CONTEXT: Therapies based on immune checkpoint inhibitors (ICIs) are transforming the treatment landscape of urologic oncology. Nevertheless, an exhaustive overview of the toxicity spectrum of these novel therapies has yet to be provided. OBJECTIVE: To comprehensively investigate the incidence and profile of ICI therapy-related adverse events (AEs) across urologic cancers. EVIDENCE ACQUISITION: We searched for all clinical trials investigating the role of ICI therapy published between January 2010 and September 2021. Studies involving urologic cancers with reported overall incidence or tabulated data of treatment-related AEs (trAEs) or immune-related AEs (irAEs) were included. A systematic review and meta-analysis was performed after protocol registration in PROSPERO (CRD42021276435). EVIDENCE SYNTHESIS: We identified 2638 records, of which 92 studies (including 22942 participants) met the inclusion criteria. The pooled overall incidence was 81.6% (95% confidence interval [CI] 78.0-84.7) for any-grade trAEs and 29.3% (95% CI 24.9-34.1) for grade ≥3 trAEs. The pooled overall incidence was 34.3% (95% CI 28.5-40.7) for any-grade irAEs and 10.2% (95%CI 8.2-12.7) for grade ≥3 irAEs.
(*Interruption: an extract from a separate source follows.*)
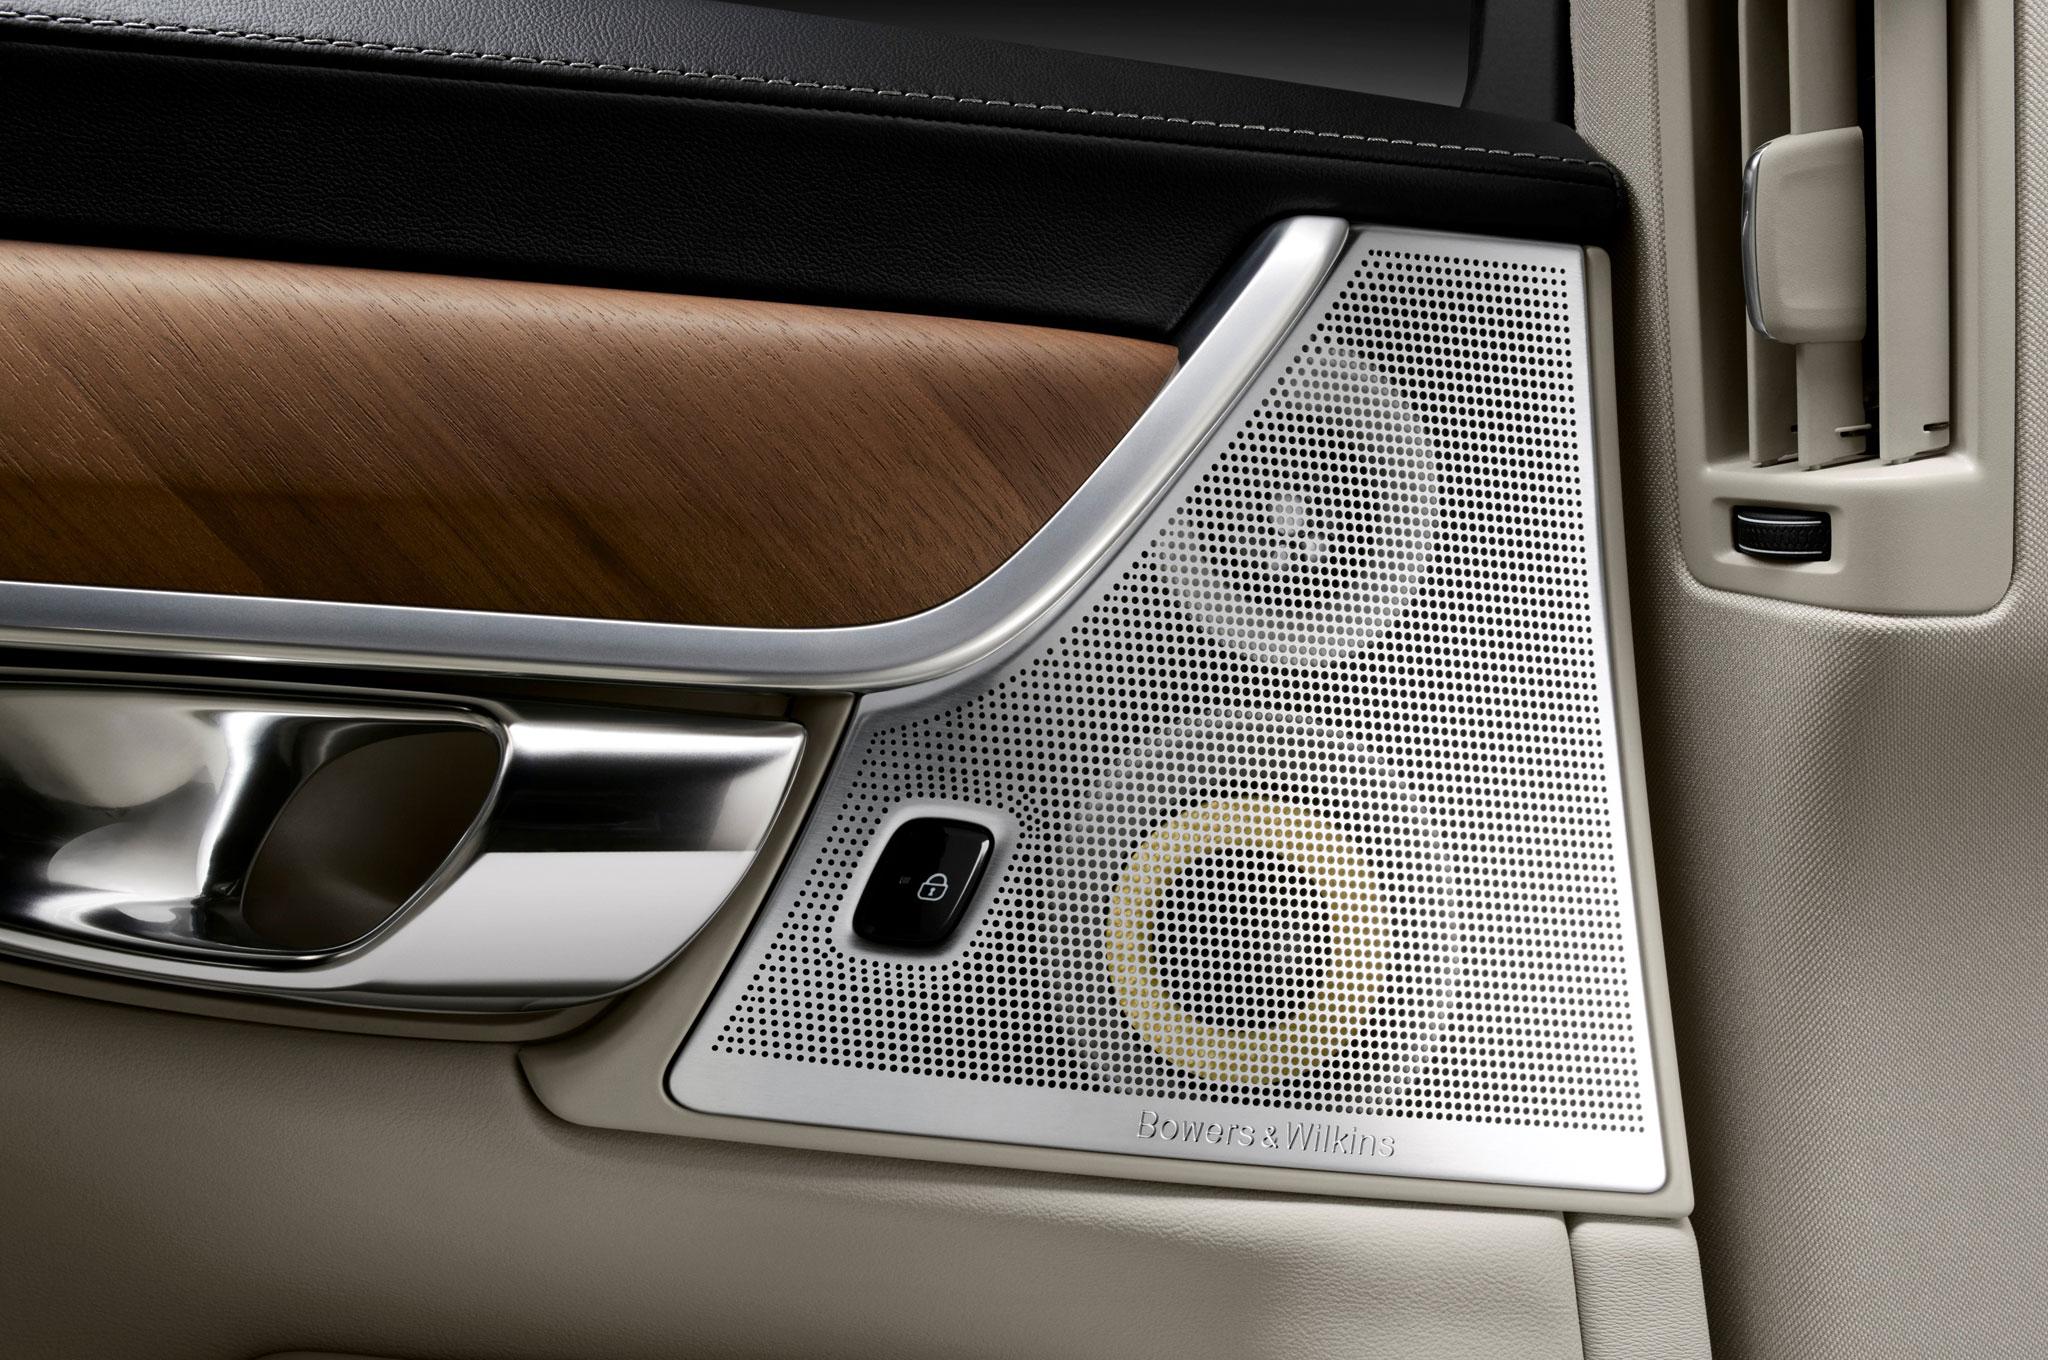 Take a look inside the 2017 volvo s90 luxury sedan for Interior back doors

On a multivariable analysis, cancer type, therapy combination, clinical settings (perioperative vs advanced/metastatic), and drug exposure were independently associated with the occurrence of trAEs or irAEs. The overall rate of treatment-related mortality was 0.94% (140 of 14 899 participants), with pneumonitis (9.3%), pneumonia (7.9%), and respiratory failure (7.1%) being the most common causes. Immune-related mortality occurred in 0.26% (28 of 10 723) patients, with pneumonitis (35.7%), hepatic failure (10.7%), and hepatitis (7.1%) being most common. CONCLUSIONS: Our study provides a comprehensive overview of ICI-associated AEs in urologic cancer patients. The spectrum and incidence of AEs vary across cancer types, ICI types, clinical settings, and therapy combinations. These findings provide important guidance to clinicians in counseling and management of patients with urologic cancers. PATIENT SUMMARY: A high proportion of patients experience immune checkpoint inhibitor-associated toxicity. Physician and patient education is critical for early recognition and proper management.